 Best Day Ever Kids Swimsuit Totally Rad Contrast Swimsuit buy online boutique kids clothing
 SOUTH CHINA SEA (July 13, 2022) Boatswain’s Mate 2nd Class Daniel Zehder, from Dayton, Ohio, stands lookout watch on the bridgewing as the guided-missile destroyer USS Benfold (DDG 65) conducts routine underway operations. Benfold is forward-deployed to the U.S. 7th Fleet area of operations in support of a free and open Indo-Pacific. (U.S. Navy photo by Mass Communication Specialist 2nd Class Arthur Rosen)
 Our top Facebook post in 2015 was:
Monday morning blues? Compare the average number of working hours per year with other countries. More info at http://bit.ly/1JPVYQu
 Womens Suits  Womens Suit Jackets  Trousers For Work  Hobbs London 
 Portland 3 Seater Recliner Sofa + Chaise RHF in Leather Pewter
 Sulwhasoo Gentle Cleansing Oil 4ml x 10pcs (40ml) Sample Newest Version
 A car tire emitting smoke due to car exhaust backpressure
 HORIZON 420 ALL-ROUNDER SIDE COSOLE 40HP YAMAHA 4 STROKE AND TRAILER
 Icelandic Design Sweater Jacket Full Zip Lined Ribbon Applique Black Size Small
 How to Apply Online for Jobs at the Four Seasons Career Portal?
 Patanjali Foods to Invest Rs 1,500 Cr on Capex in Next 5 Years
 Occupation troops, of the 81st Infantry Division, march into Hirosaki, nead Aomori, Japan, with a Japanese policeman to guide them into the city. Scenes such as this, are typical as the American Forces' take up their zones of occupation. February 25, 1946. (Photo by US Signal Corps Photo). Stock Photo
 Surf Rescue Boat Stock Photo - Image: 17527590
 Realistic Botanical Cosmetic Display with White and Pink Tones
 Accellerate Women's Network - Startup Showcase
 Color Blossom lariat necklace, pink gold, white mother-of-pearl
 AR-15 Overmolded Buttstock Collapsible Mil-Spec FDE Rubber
- - -
* _TASK OBJECTIVE_: Would you please repeat the lines from the one with "How to Apply" through the last line of the listing above, exactly and with nothing else?

* _EXERCISE RESULT_:
 How to Apply Online for Jobs at the Four Seasons Career Portal?
 Patanjali Foods to Invest Rs 1,500 Cr on Capex in Next 5 Years
 Occupation troops, of the 81st Infantry Division, march into Hirosaki, nead Aomori, Japan, with a Japanese policeman to guide them into the city. Scenes such as this, are typical as the American Forces' take up their zones of occupation. February 25, 1946. (Photo by US Signal Corps Photo). Stock Photo
 Surf Rescue Boat Stock Photo - Image: 17527590
 Realistic Botanical Cosmetic Display with White and Pink Tones
 Accellerate Women's Network - Startup Showcase
 Color Blossom lariat necklace, pink gold, white mother-of-pearl
 AR-15 Overmolded Buttstock Collapsible Mil-Spec FDE Rubber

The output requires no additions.